→ Entries supplied
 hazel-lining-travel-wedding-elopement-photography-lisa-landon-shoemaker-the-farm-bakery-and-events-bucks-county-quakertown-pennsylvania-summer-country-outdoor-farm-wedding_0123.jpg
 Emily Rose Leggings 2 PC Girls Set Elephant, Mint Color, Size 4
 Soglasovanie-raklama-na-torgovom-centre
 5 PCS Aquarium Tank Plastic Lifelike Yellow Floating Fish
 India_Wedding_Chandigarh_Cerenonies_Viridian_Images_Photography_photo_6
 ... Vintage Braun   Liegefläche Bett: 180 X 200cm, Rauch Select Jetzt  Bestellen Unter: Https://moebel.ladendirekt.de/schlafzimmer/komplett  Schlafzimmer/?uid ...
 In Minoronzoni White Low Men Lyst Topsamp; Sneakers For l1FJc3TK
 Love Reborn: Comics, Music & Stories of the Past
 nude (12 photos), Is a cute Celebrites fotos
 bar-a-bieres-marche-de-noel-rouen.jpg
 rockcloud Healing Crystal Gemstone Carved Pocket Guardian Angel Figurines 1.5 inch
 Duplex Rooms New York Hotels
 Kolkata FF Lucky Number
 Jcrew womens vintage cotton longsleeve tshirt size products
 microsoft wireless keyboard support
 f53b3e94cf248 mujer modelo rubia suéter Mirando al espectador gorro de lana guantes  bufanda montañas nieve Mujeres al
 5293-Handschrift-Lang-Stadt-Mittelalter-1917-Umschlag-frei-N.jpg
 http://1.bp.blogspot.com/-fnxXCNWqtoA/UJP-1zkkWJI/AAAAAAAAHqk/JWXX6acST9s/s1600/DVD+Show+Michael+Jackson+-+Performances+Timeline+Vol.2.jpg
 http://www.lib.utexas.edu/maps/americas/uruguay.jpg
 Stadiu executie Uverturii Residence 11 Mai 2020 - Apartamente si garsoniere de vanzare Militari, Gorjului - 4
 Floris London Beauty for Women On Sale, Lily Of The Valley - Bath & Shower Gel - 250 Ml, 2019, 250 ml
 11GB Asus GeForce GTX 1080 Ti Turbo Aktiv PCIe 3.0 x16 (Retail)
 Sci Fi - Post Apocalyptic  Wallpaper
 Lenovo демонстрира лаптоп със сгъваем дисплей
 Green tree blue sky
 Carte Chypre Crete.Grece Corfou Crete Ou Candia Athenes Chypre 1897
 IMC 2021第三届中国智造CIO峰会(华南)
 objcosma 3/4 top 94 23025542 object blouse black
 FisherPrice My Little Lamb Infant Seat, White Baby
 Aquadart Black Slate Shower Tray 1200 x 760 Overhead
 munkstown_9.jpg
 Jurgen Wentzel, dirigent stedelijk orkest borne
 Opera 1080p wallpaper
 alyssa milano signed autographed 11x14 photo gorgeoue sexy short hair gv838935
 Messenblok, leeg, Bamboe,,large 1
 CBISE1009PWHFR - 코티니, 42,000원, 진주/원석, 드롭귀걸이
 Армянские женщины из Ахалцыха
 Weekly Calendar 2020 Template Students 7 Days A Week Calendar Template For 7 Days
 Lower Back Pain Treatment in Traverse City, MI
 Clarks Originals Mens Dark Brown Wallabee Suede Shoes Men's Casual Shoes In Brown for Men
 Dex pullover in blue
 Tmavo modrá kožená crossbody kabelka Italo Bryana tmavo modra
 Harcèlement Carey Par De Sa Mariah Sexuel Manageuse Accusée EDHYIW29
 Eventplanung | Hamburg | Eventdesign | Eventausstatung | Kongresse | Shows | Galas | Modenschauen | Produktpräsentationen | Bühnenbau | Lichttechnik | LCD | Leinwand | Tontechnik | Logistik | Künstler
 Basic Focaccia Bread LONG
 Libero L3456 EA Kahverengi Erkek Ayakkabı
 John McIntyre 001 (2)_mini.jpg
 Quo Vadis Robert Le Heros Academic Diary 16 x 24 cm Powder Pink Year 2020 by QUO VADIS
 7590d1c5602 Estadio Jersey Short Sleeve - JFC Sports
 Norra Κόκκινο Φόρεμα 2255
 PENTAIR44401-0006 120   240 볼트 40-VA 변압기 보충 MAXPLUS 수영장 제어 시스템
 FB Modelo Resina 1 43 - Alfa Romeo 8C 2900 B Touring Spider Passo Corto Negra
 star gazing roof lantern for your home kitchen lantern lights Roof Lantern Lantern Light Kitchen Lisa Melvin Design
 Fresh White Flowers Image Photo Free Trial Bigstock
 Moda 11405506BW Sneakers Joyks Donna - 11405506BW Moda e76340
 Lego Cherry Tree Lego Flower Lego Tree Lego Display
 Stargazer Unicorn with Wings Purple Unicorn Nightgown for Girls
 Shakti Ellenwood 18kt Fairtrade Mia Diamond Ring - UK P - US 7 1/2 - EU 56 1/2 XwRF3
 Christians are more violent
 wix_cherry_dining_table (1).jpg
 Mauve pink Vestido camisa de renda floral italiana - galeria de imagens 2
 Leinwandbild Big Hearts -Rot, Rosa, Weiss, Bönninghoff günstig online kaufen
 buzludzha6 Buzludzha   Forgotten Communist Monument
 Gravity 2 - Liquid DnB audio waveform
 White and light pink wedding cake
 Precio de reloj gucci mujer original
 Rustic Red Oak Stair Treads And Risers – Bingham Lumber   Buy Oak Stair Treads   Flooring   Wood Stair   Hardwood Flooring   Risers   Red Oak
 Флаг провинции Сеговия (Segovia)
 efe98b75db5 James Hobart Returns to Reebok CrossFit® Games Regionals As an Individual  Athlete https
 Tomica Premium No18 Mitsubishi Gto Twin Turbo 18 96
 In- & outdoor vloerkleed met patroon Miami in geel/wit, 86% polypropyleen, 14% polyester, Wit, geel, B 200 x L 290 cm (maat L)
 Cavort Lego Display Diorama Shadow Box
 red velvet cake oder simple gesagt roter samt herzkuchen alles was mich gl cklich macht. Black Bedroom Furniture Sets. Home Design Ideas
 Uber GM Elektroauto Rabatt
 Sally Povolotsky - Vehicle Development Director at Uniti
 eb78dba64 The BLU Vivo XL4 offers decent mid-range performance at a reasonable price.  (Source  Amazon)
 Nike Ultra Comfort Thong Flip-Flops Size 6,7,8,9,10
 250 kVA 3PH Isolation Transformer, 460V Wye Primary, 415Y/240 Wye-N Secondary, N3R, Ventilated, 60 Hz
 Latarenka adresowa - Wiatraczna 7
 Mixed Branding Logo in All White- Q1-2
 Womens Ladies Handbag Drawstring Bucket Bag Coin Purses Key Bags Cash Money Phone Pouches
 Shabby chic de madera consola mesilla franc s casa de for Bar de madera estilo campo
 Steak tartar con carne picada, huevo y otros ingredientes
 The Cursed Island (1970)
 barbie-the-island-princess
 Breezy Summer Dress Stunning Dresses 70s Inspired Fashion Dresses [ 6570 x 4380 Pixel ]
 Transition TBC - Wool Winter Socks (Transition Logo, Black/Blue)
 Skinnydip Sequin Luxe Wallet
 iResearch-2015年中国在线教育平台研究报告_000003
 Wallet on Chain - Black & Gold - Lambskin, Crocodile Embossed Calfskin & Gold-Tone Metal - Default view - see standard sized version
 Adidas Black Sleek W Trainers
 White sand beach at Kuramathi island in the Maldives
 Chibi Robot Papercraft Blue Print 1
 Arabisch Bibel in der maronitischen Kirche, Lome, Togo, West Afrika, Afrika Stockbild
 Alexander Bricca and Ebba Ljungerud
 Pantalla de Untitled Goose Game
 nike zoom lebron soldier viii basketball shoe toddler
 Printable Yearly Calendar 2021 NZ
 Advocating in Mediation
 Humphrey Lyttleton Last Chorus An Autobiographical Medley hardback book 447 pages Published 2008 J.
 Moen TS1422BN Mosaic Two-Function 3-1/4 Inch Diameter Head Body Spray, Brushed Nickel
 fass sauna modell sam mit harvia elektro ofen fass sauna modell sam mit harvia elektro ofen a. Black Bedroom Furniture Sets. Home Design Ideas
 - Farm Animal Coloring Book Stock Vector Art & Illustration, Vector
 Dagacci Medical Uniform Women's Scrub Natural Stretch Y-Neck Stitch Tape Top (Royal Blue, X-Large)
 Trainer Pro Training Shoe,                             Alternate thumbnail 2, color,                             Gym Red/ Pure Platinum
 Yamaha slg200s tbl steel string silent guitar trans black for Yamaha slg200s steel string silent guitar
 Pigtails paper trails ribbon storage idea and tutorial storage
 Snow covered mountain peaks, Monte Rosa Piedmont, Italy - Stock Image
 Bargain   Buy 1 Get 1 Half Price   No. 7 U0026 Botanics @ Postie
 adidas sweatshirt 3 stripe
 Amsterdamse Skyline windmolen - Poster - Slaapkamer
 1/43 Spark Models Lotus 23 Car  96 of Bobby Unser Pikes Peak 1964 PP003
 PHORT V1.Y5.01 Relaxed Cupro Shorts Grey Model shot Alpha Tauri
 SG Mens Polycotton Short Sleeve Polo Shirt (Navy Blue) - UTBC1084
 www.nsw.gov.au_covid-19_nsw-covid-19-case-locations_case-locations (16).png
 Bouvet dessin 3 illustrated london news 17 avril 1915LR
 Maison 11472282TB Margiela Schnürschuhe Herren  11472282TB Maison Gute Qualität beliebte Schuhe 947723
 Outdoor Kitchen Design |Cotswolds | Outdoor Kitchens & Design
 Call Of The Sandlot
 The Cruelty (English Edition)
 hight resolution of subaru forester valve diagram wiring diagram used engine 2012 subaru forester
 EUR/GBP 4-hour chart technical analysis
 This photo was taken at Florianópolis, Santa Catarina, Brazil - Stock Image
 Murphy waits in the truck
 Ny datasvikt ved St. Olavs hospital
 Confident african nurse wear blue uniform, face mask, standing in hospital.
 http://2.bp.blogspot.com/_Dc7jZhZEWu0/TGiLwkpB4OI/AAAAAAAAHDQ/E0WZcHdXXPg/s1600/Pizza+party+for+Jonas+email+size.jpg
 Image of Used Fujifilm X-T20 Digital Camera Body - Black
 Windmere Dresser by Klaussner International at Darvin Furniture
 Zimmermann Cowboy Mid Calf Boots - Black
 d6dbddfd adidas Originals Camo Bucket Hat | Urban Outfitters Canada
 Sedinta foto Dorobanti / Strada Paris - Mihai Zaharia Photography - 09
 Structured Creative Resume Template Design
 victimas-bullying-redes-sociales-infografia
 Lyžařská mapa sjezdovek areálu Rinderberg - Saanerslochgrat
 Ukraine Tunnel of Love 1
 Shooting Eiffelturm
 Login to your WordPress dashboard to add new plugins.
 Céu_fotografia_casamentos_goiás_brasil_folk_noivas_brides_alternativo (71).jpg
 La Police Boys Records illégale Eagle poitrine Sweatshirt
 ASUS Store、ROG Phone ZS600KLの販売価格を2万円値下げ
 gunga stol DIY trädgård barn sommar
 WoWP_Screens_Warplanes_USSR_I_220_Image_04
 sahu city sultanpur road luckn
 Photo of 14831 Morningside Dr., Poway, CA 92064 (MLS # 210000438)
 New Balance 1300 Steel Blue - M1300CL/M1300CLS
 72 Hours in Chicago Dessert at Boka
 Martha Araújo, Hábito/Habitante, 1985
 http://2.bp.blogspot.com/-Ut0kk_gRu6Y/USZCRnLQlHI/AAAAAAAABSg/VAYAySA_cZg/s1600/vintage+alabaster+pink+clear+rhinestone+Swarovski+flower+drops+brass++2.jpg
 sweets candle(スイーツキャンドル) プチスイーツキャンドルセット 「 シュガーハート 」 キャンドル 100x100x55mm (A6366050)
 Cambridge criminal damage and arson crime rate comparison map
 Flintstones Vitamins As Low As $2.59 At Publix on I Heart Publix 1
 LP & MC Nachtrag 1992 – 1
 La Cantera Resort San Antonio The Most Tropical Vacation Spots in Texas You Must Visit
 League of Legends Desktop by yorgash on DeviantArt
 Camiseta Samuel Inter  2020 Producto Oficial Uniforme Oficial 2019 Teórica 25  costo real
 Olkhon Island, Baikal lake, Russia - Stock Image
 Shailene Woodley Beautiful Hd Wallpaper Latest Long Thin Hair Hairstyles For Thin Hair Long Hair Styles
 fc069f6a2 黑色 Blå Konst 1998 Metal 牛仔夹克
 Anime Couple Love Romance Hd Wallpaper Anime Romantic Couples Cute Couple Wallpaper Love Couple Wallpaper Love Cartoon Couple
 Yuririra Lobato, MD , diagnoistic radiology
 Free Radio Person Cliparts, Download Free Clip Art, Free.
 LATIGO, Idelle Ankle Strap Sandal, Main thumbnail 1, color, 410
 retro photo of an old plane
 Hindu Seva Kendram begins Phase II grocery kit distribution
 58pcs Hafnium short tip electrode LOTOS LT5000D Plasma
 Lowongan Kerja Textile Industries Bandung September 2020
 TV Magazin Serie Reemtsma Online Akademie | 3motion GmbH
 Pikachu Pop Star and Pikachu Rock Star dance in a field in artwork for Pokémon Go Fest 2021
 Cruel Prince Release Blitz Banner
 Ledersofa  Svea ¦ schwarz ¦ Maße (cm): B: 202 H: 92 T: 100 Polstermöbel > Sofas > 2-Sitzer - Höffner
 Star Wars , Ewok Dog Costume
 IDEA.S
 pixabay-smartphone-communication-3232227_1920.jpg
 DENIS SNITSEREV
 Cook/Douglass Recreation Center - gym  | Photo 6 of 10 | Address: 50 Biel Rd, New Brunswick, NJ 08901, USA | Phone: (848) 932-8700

→ Task objective
Everything from the line with "Floris London Beauty" through the line with "Армянские женщины из Ахалцыха" in the listing above must be retyped exactly, with nothing added.

→ Exercise response
 Floris London Beauty for Women On Sale, Lily Of The Valley - Bath & Shower Gel - 250 Ml, 2019, 250 ml
 11GB Asus GeForce GTX 1080 Ti Turbo Aktiv PCIe 3.0 x16 (Retail)
 Sci Fi - Post Apocalyptic  Wallpaper
 Lenovo демонстрира лаптоп със сгъваем дисплей
 Green tree blue sky
 Carte Chypre Crete.Grece Corfou Crete Ou Candia Athenes Chypre 1897
 IMC 2021第三届中国智造CIO峰会(华南)
 objcosma 3/4 top 94 23025542 object blouse black
 FisherPrice My Little Lamb Infant Seat, White Baby
 Aquadart Black Slate Shower Tray 1200 x 760 Overhead
 munkstown_9.jpg
 Jurgen Wentzel, dirigent stedelijk orkest borne
 Opera 1080p wallpaper
 alyssa milano signed autographed 11x14 photo gorgeoue sexy short hair gv838935
 Messenblok, leeg, Bamboe,,large 1
 CBISE1009PWHFR - 코티니, 42,000원, 진주/원석, 드롭귀걸이
 Армянские женщины из Ахалцыха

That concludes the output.